Suddenly decided to make something bad, while waiting for other things to settle.
Years ago I used to believe that I know something about hacking. Not kernel hacking, but the one, related to cracking of various supposed to be secure systems. Starting from ciphers down to code ‘issues’ (described in phrack, yup). It is rather laughable right now :)
But today I know, that reading (and even understanding) smart and hardcore articles is really far from being able to apply given knowledge to some practical problems. So, I decided to start (and complete practical implementation) from really simple things: various mono/poli alphabet ciphers. Ceasar/rot13 and Vigener are good choices afaics.
Bruce Schneier’s Self-Study Course in Block Cipher Cryptanalysis does not allow me to easily fall asleep, although its a little bit fun to compare my alphabet ciphers analysis versus even simplest crackdowns described in the article.
Anyway, it took me a day or less to hack up a semi-automatic Vigenere and monoalphabet cipher cracker in LISP. In Vigenere code there are two steps: find out key length and split and decode monoalphabet enciphered text blocks.
The former task is performed manually – the only application created searches trigrams in text and shows their frequencies. When there are 3 or more trigrams it is possible to find key length with rather high probability. Bigrams will work too, but error rate is higher. One have to find distance between the same trigrams and found greatest common divisor, which will likely be equal to cipher key length.

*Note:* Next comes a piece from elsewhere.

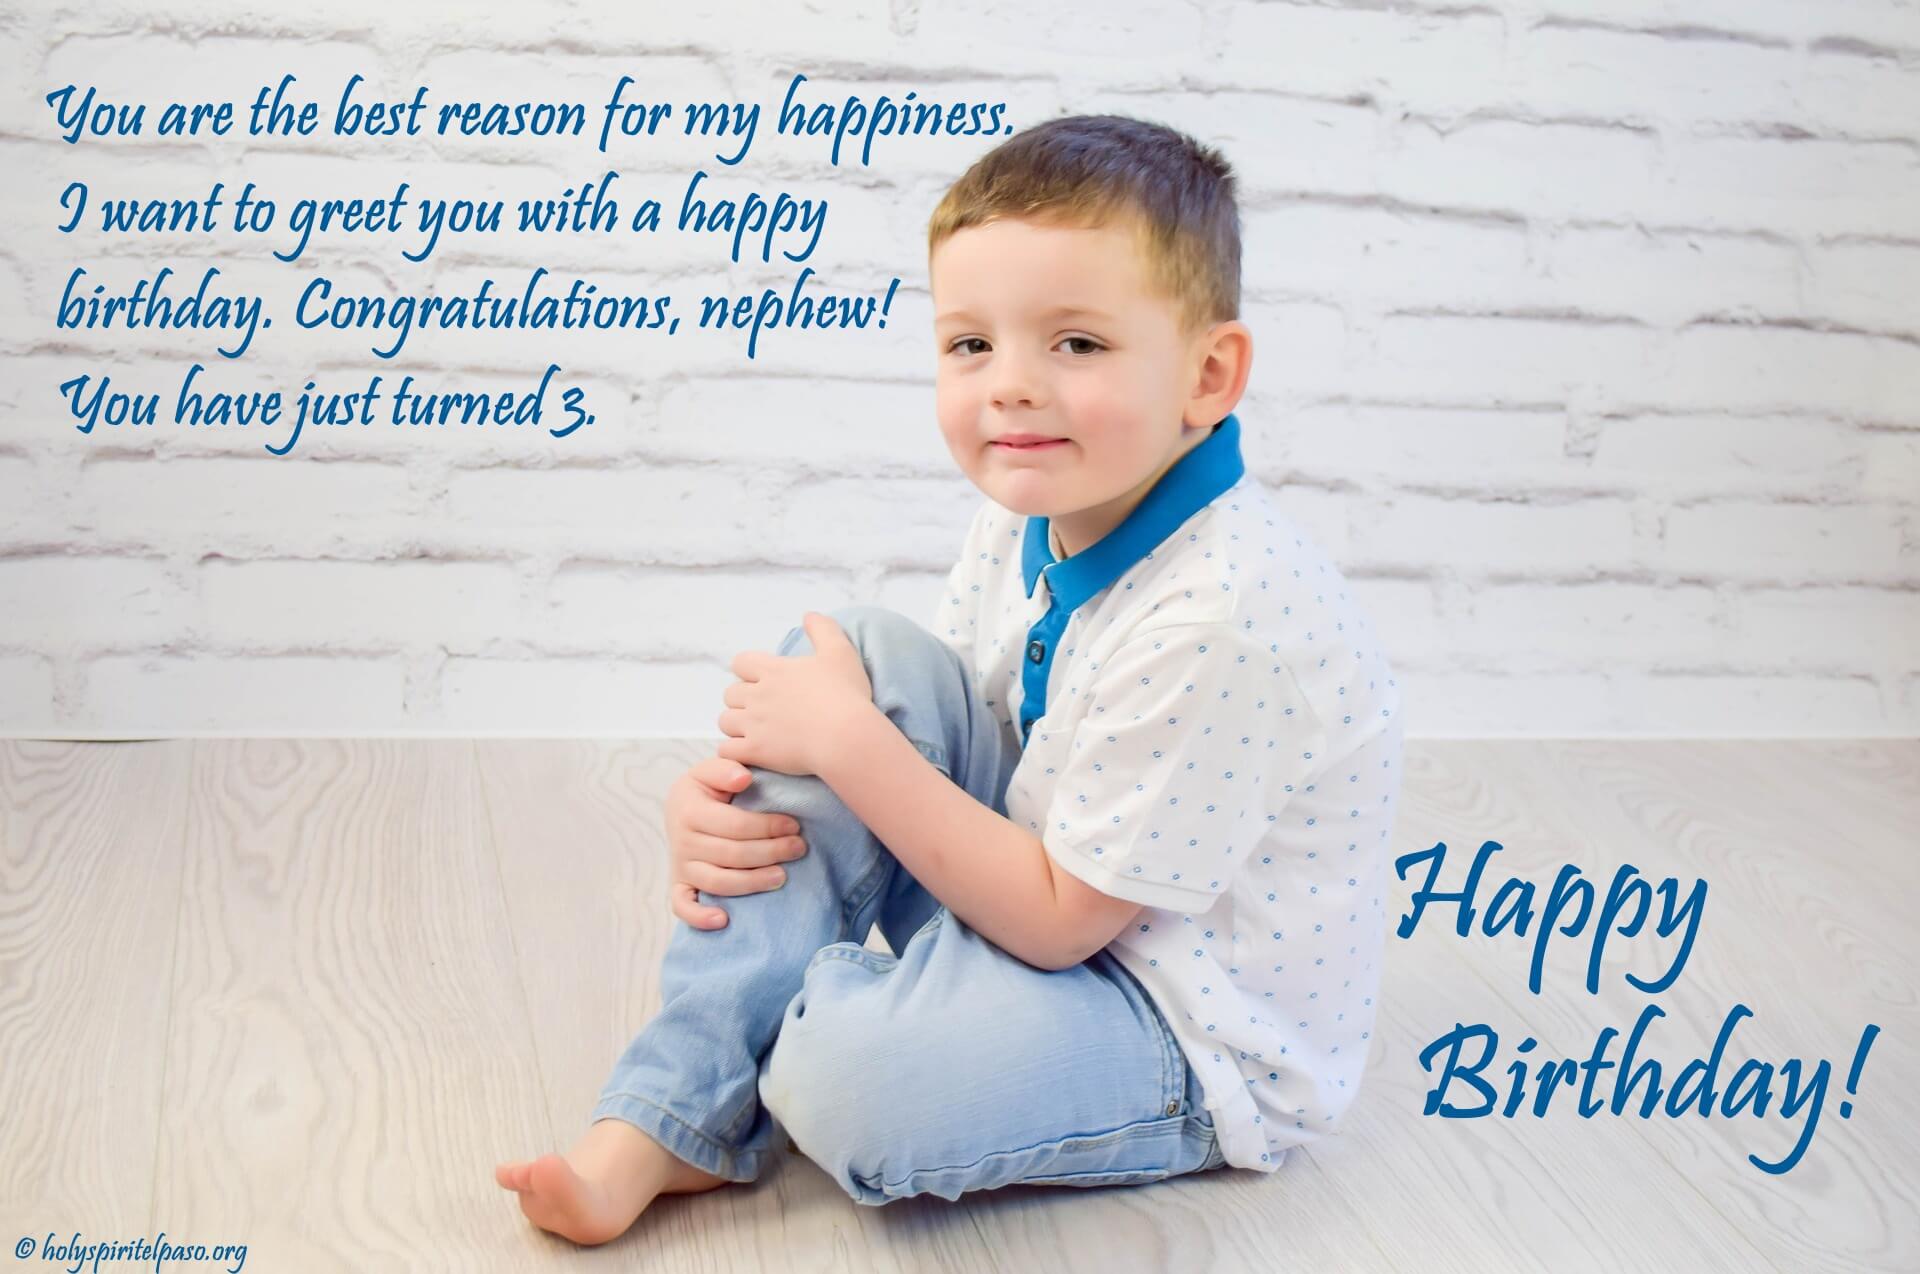 3rd Birthday Wishes - Happy 3rd Birthday Quotes & Messages

Vigenere cipher is theoretically uncrackable when unique key long enough to cover input message is used. But in practice shorter keys are used, which are then repeated number of times so that resulted key string length becomes equal to plaintext message. So, when cipher starts to repeat itself, the same letters will be encrypted into the same ciphertext.
This method is named after Friedrich Kasiski, who found it 150 years ago. When key length is found, we split ciphertext into separate strings, where each one encrypted using monoalphabet cipher. It consists of letters separated by key length, i.e. the each string will be formed from $string_number + $i * $key_length letters, where $i runs over ciphertext until it is fully covered.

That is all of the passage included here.